In addition, as a result of the expiration or successful challenge of our patent or other intellectual property rights, we could face risks relating to our ability to successfully prevent or delay launch of competitors’ products. The availability of our competitors’ products could limit the demand and the price we are able to charge for any product candidates that we may develop and commercialize.

Adverse public perception of genetic therapies and of gene editing and Prime Editing in particular, may negatively impact regulatory approval of, and/or demand for, our potential products.

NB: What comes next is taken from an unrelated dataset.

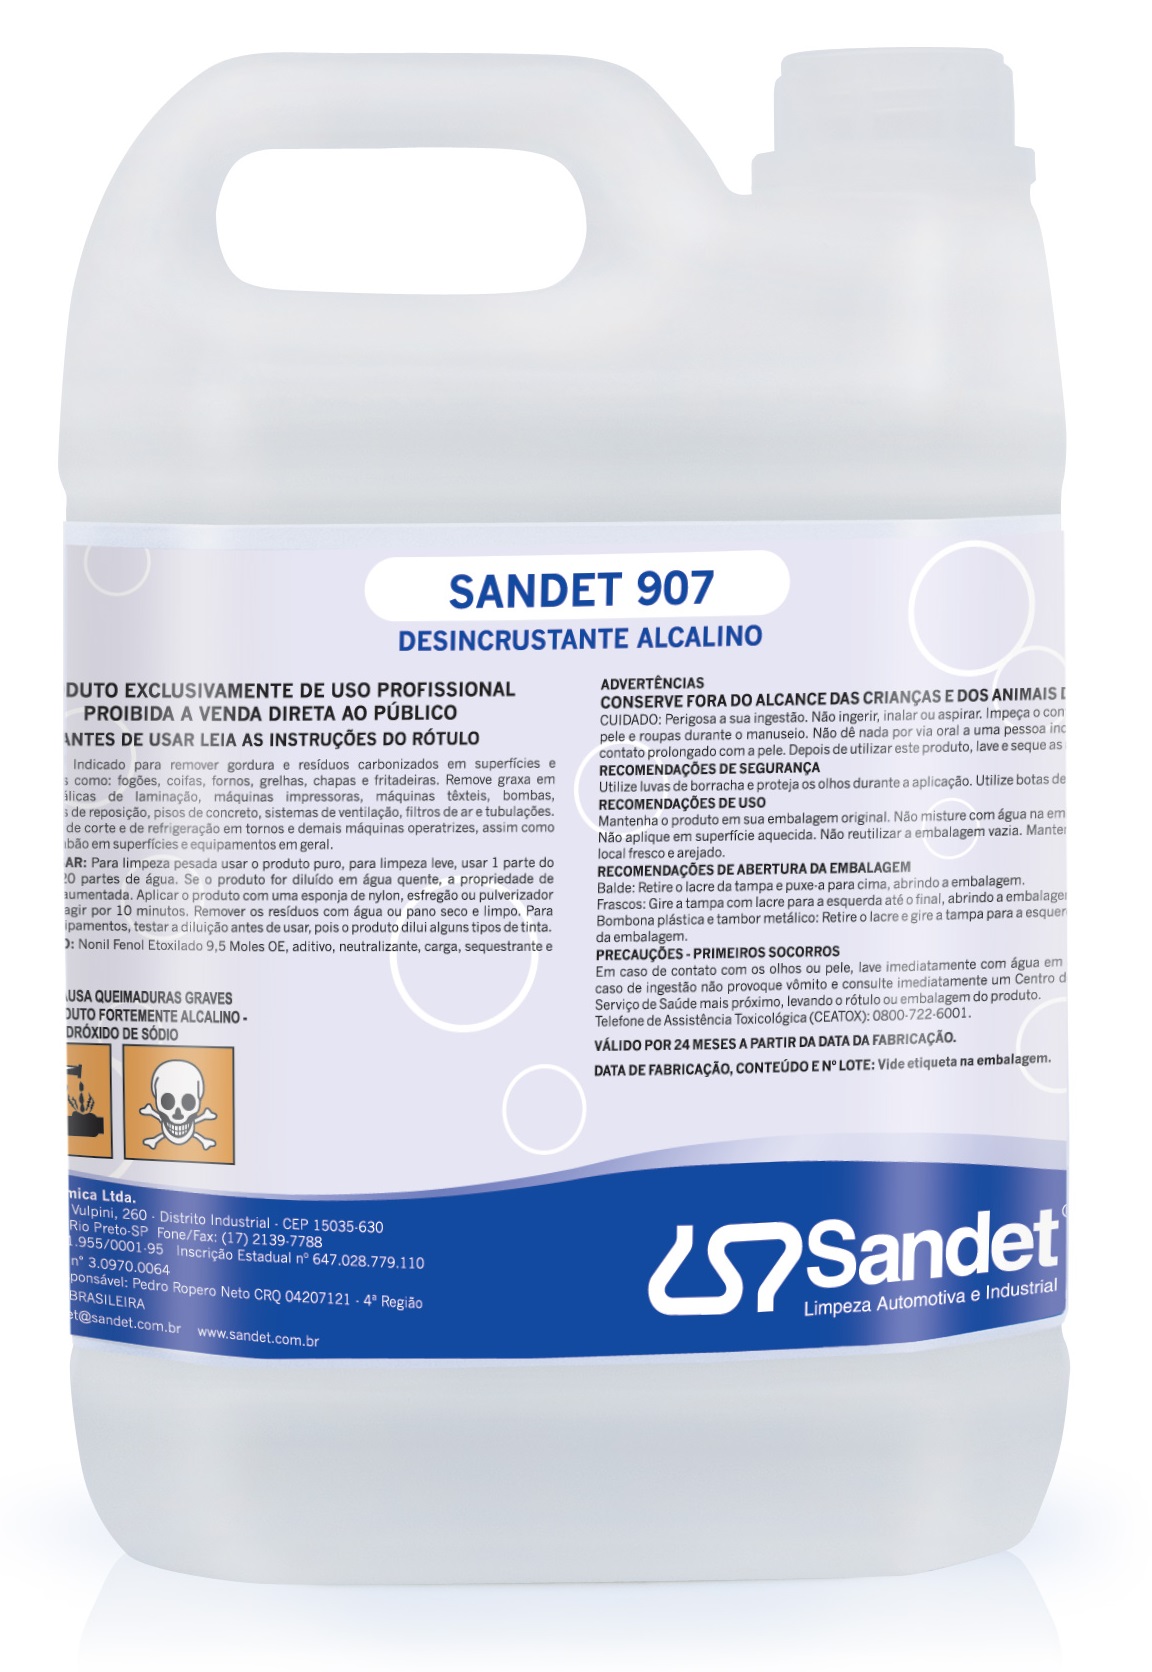 Sandet 907

Our potential therapeutic products involve editing the human genome and making permanent changes that may not be reversible. The clinical and commercial success of our potential products will depend in part on public understanding and acceptance of the use of gene editing therapy for the prevention or treatment of human diseases. Public attitudes may be influenced by claims that gene editing is unsafe, unethical or immoral, and, consequently, any product candidates we may develop may not gain the acceptance of the public or the medical community. For example, the death of a patient with an ultra-rare form of Duchenne Muscular Dystrophy enrolled in a clinical trial assessing a personalized, CRISPR-based gene therapy product candidate initiated by Cure Rare Disease, a non-profit organization, was reported to be caused by an immune response to the vector used in the gene therapy. In addition, a serious adverse event was reported in the first patient dosed in a clinical trial of an investigational gene therapy conducted by Graphite Bio, Inc., and Graphite Bio, Inc. later announced the discontinuation of further development of its gene therapy product candidate after the company concluded that the event was likely related to study treatment. These reports have raised concerns about gene editing approaches that may persist until, or after, details are available. Moreover, our success will depend upon physicians prescribing, and their patients being willing to receive, treatments that involve the use of product candidates we may develop in lieu of, or in addition to, existing treatments with which they are already familiar and for which greater clinical data may be available.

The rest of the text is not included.